**INFORMATION SUPPLIED:**
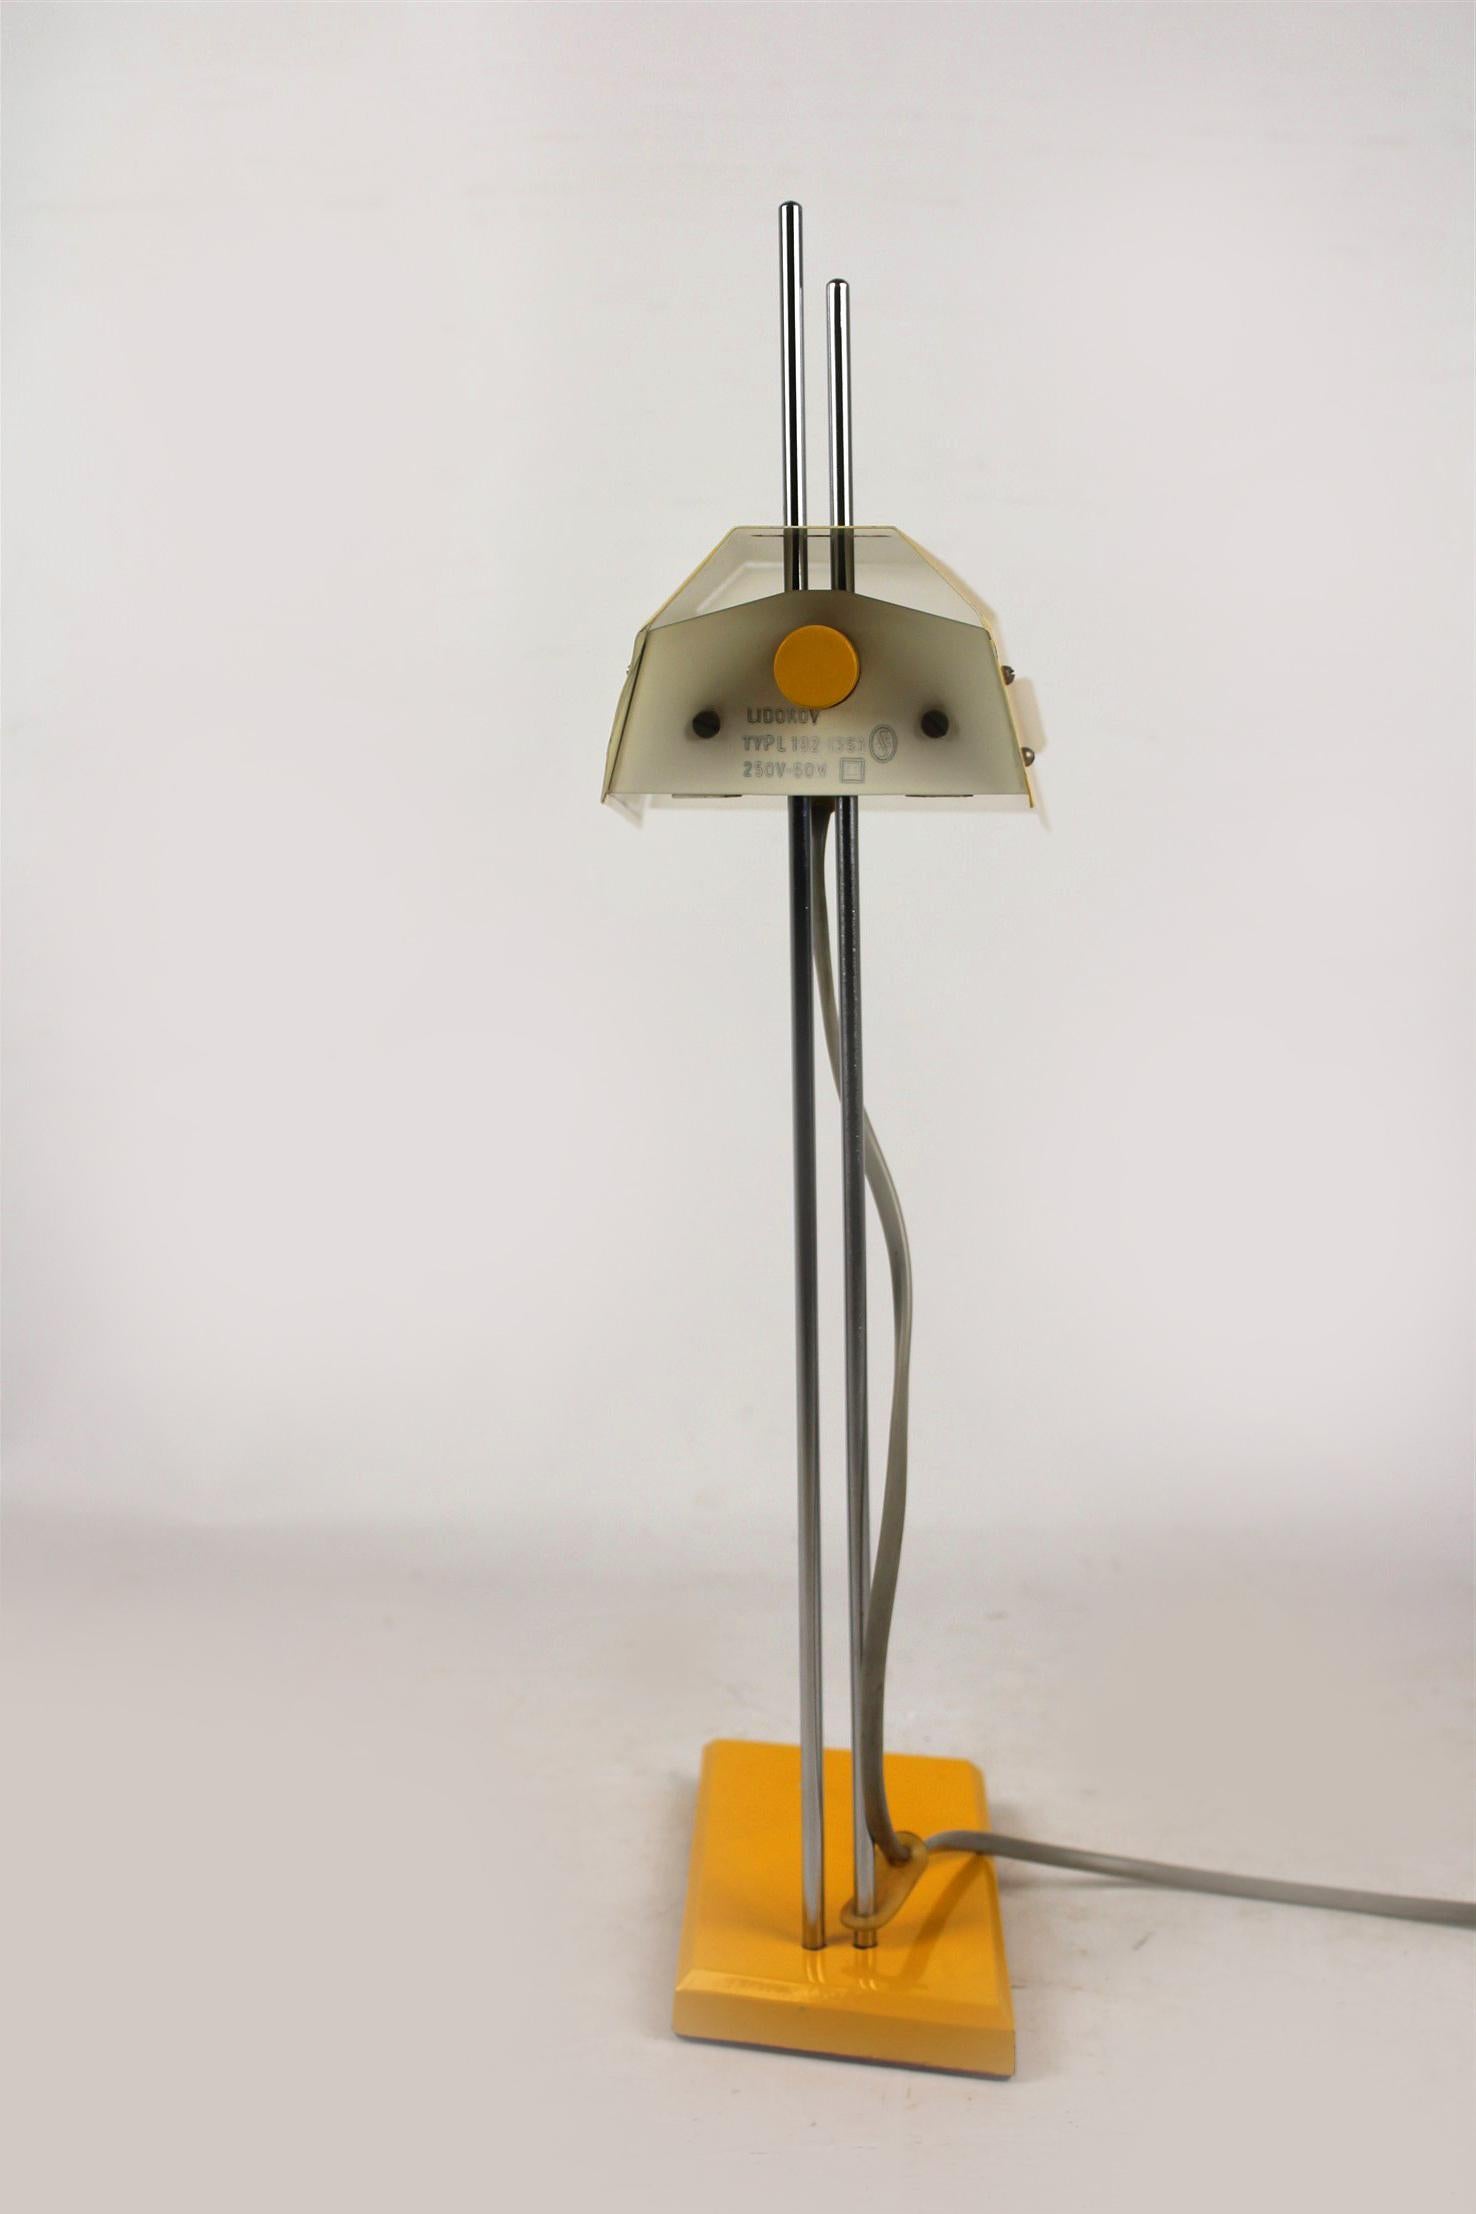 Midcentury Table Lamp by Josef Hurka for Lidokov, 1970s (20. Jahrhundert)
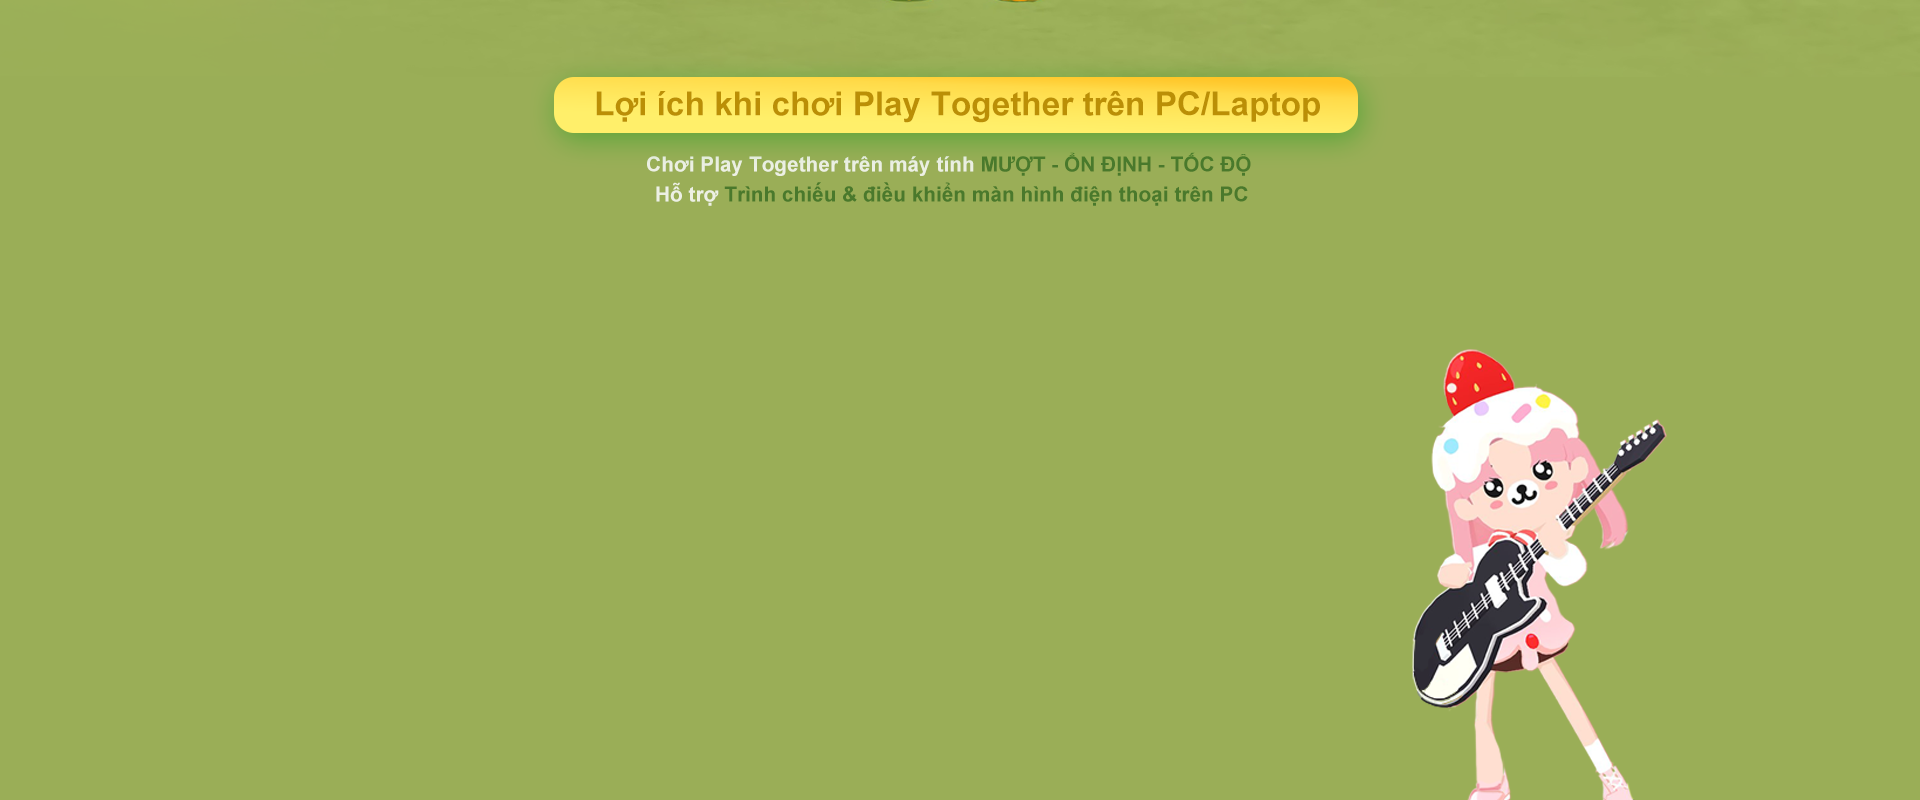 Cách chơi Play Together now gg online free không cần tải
---
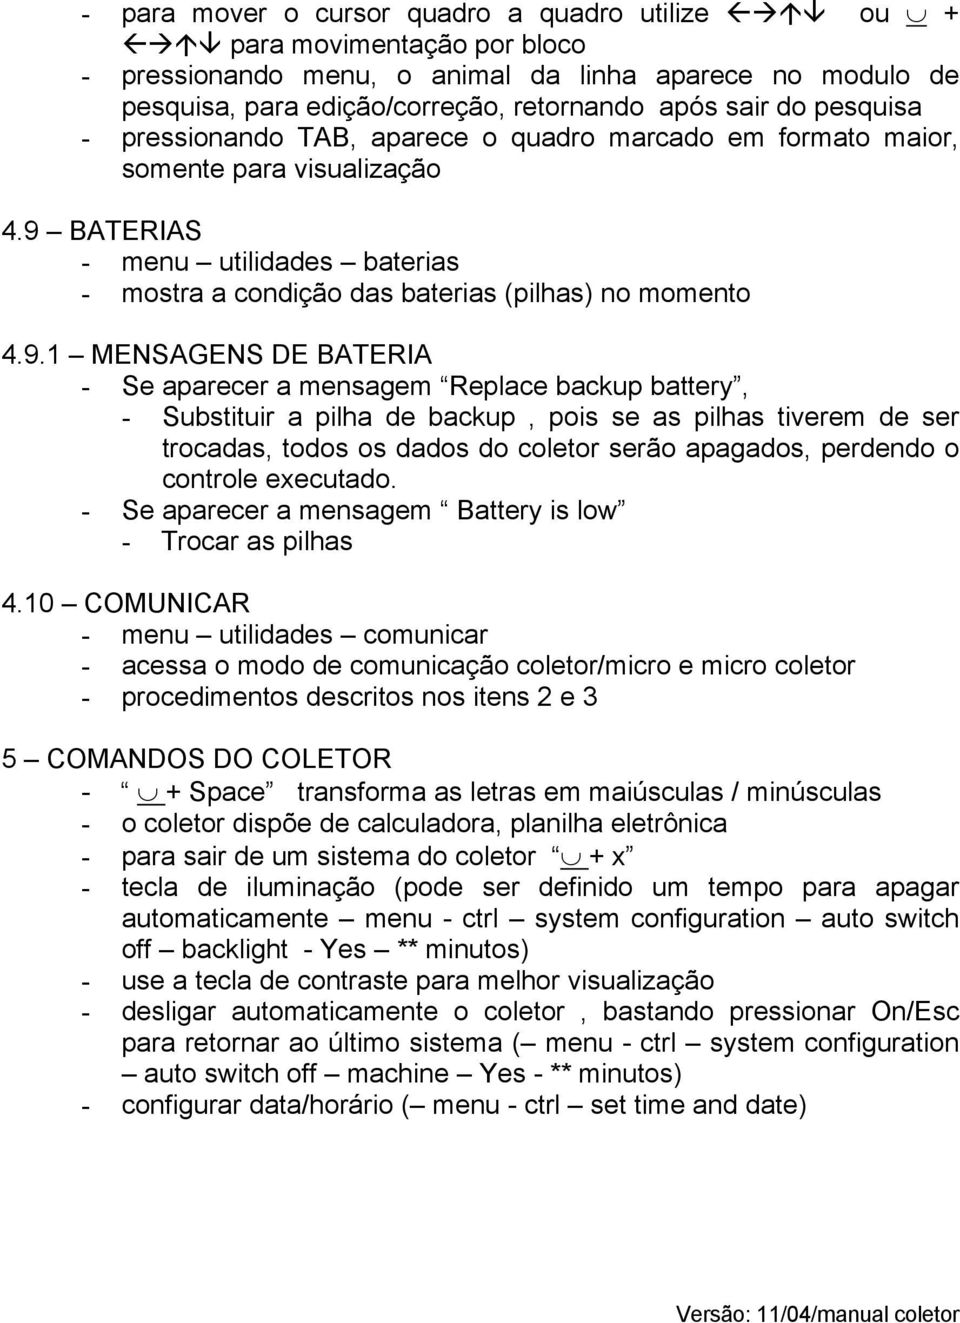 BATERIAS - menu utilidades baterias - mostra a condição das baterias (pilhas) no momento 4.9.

**ABOUT THIS EXERCISE:**
From the records above, transcribe exactly the lines starting at the one containing "Midcentury Table Lamp" and ending at the one containing "Cách chơi Play". Skip the pictures.

**THE COMPLETED TASK:**
 Midcentury Table Lamp by Josef Hurka for Lidokov, 1970s (20. Jahrhundert)
 Cách chơi Play Together now gg online free không cần tải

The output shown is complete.